Tips for generating test data:

  • Generate more question-answer pairs than you need, then manually prune them based on quality and overlap. Remove low quality answers, and remove questions that are too similar to other questions.
  • Be aware of the knowledge distribution so you effectively sample questions across the relevant knowledge space.
  • Once your application is live, continually sample real user questions (within accordance to your privacy policy) to make sure you're representing the kinds of questions that users are asking.
  1. From the ai-samples/src/llm-eval/LLMEval.Test directory, run the following command:

    dotnet run .
    
  2. Select Generate QAs associated to a topic, and export to json, then press Enter.

    Scenario selection step of the Evaluation Application

  3. Enter the number of question-answer pairs to be generated and their topic.

    Number and topic inputs for question-answer generation with the Evaluation Application

  4. A preview of the generated question-answer pairs in JSON format is shown; enter the path of the file to save the JSON to.

    Output file input for question-answer generation with the Evaluation Application

  5. Review the output JSON, and update or remove any incorrect or subpar answers.

4 - Perform an evaluation

Once you've curated the question-answer pairs, the evaluation application can use them to evaluate the outputs of the test model.
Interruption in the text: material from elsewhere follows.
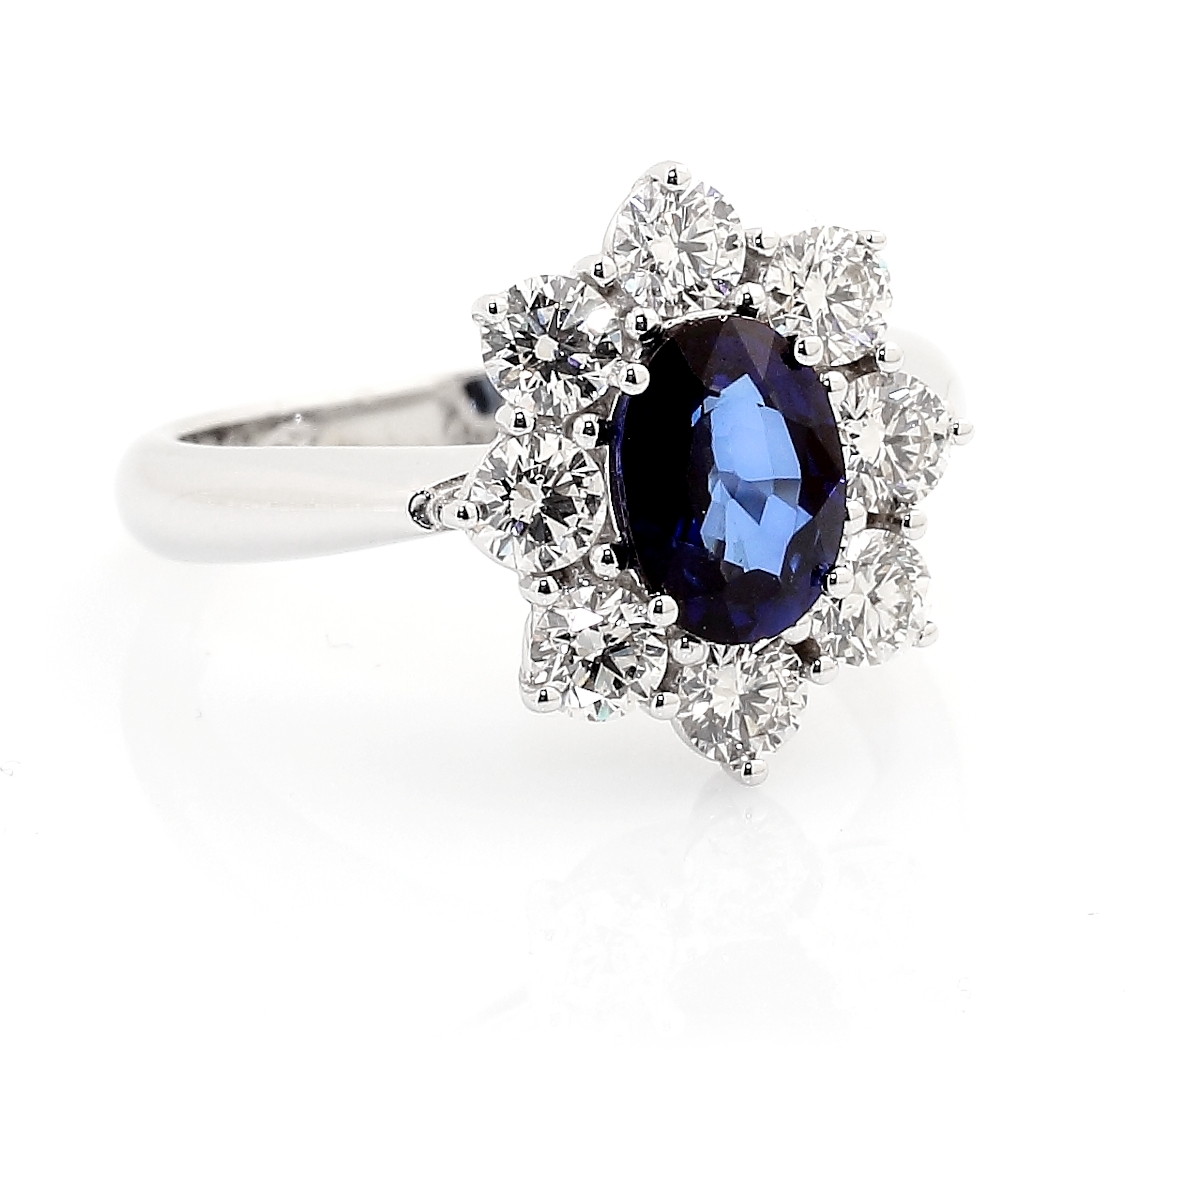 750 Mill. White Gold Ring with 1,00 Ct. Diamonds and 1,04 Ct. Sapphire

  1. Copy the JSON file containing the question-answer pairs to ai-samples/src/llm-eval/LLMEval.Test/assets/qa-02.json.

  2. From the ai-samples/src/llm-eval/LLMEval.Test directory, run the following command:

    dotnet run .
    
  3. Select List of QAs from a file, then press Enter.

    List of steps of the Evaluation Application with 'List of QAs from a file' selected

  4. The evaluation results are printed in a table format.
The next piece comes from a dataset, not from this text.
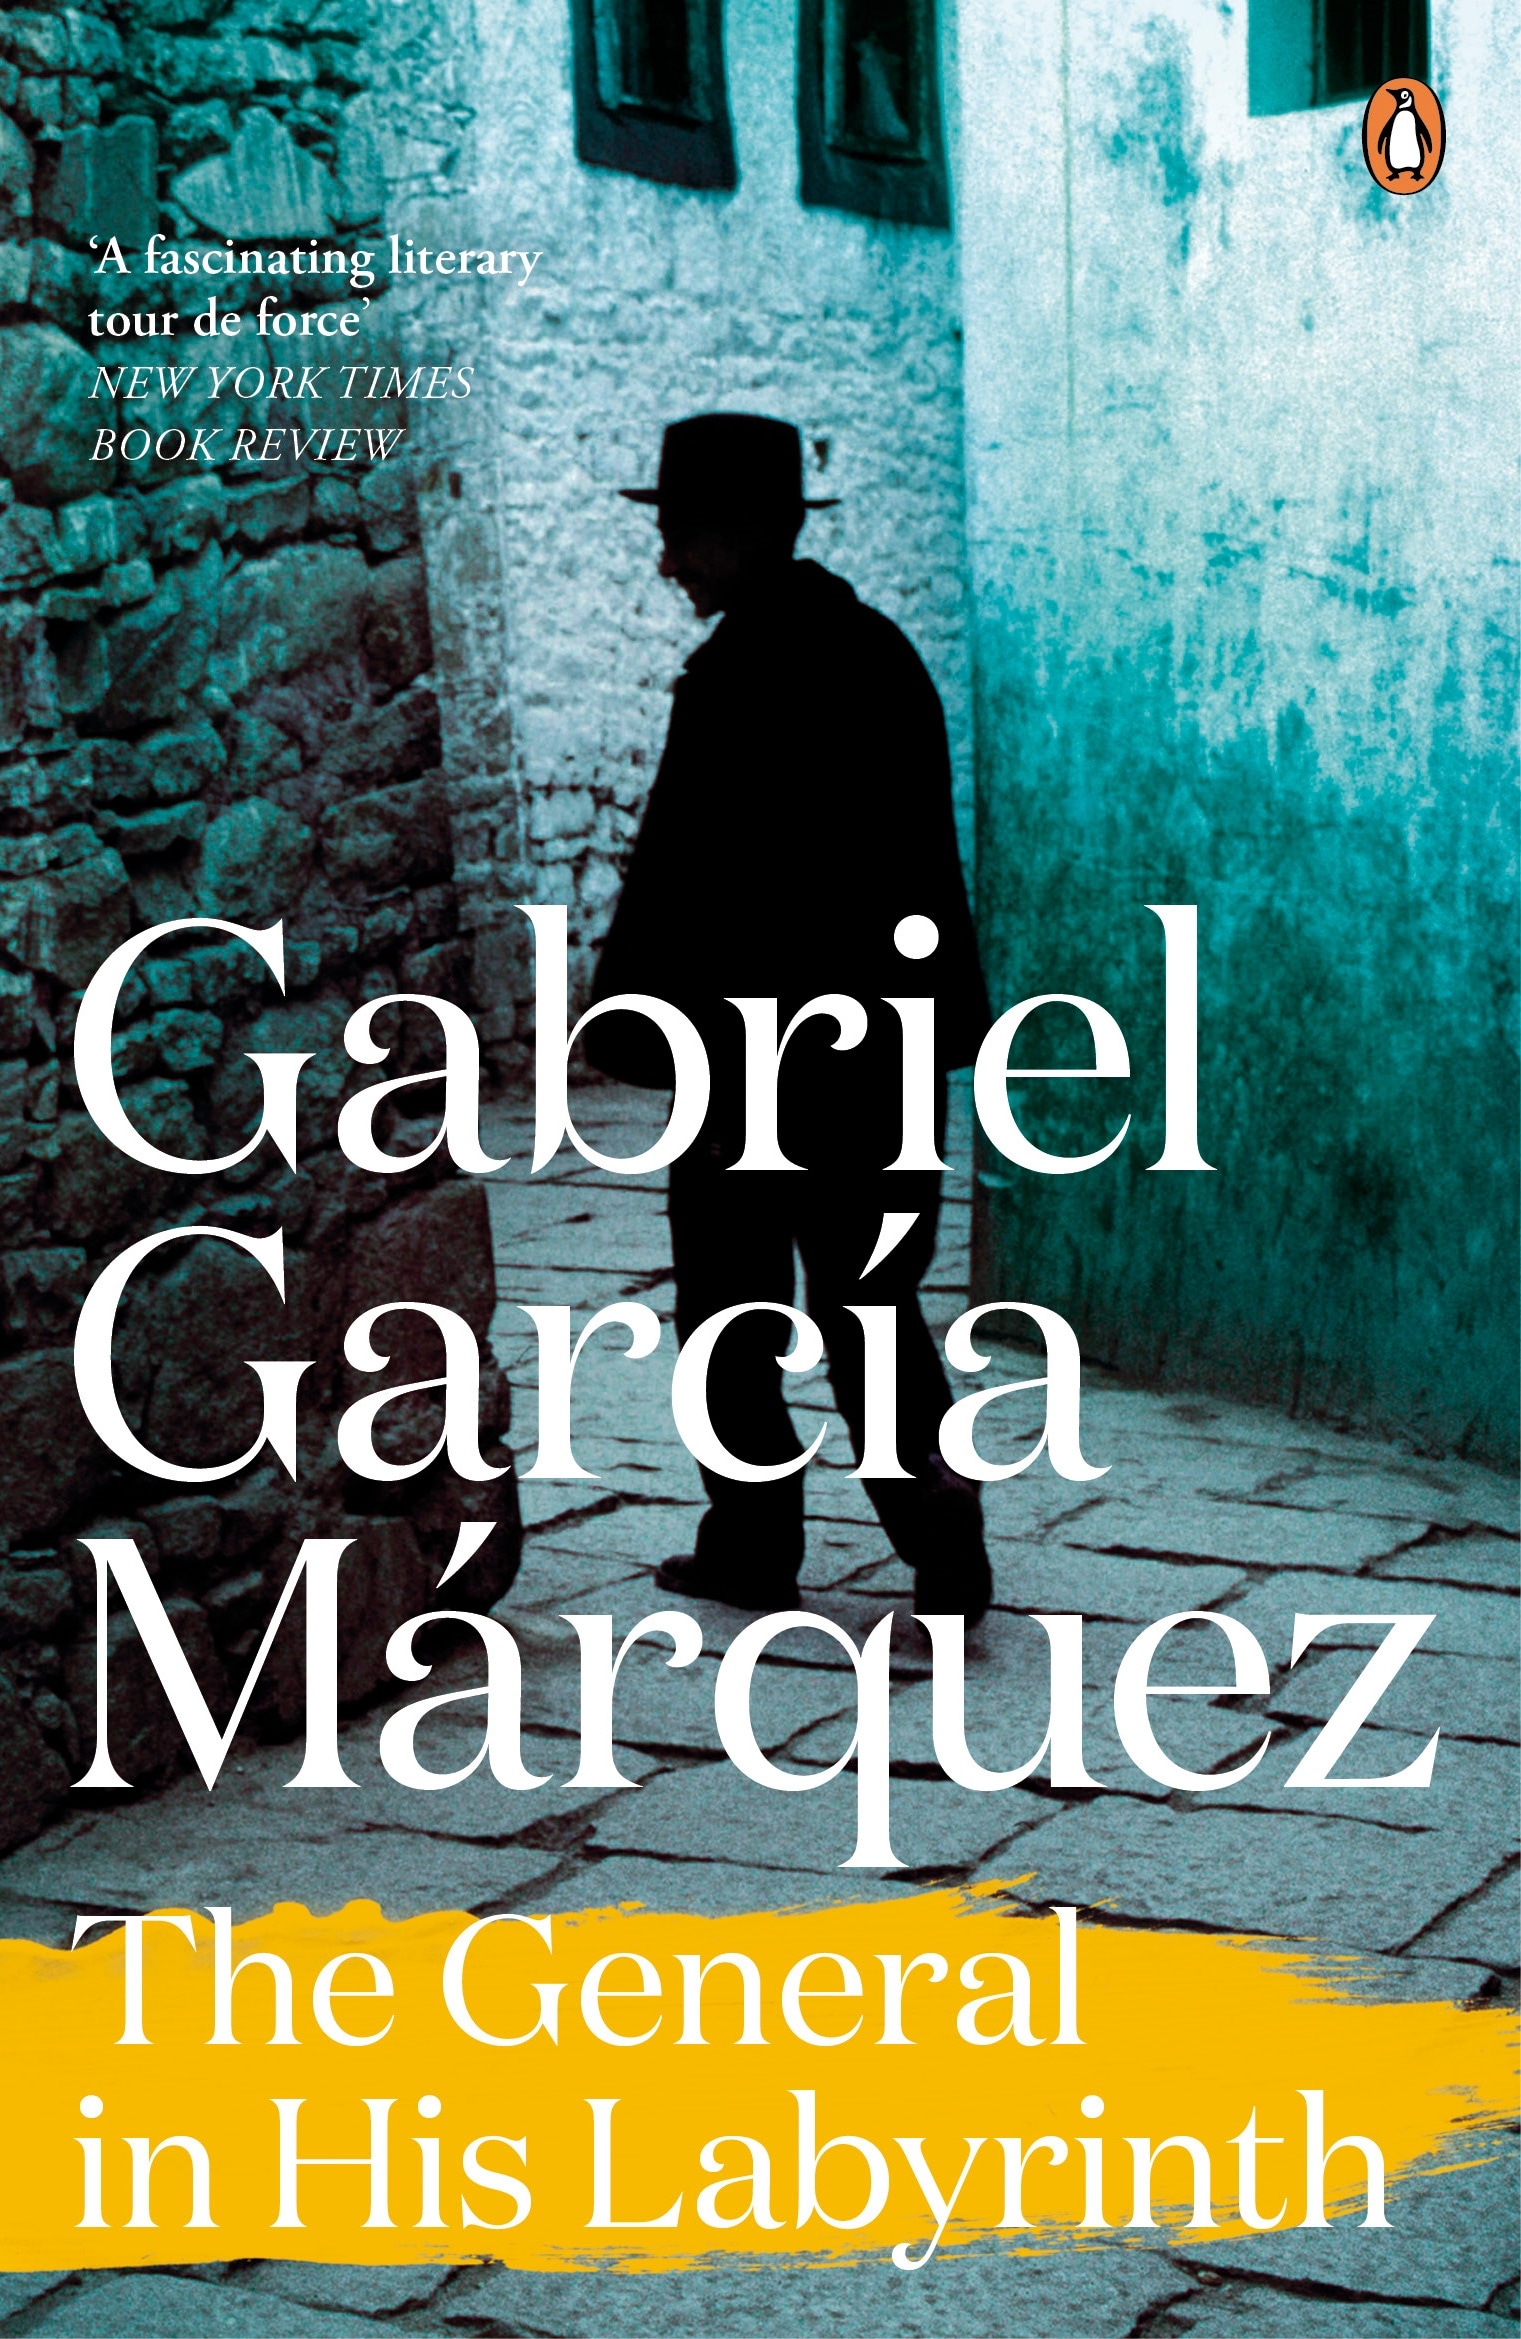 Book “The General in His Labyrinth” by Gabriel Garcia Marquez — March 6, 2014

    Table showing the output of the Evaluation Application

5 - Review the evaluation results

The evaluation results generated in the previous step include a coherence, relevance, and groundedness metric. These metrics are similar to the built-in metrics provided by the Azure AI Studio.

  • Coherence: Measures how well the language model can produce outputs that flow smoothly, read naturally, and resemble human-like language.
    • Based on ai-samples/src/LLMEval.Core/_prompts/coherence/skprompt.txt
  • Relevance: Assesses the ability of answers to capture the key points of the context.
    • Based on ai-samples/src/LLMEval.Core/_prompts/relevance/skprompt.txt
  • Groundedness: Assesses the correspondence between claims in an AI-generated answer and the source context, making sure that these claims are substantiated by the context.
    • Based on ai-samples/src/LLMEval.Core/_prompts/groundedness/skprompt.txt

Clean up resources

If you no longer need them, delete the Azure OpenAI resource and GPT-4 model deployment.

  1. In the Azure Portal, navigate to the Azure OpenAI resource.
  2. Select the Azure OpenAI resource then select Delete.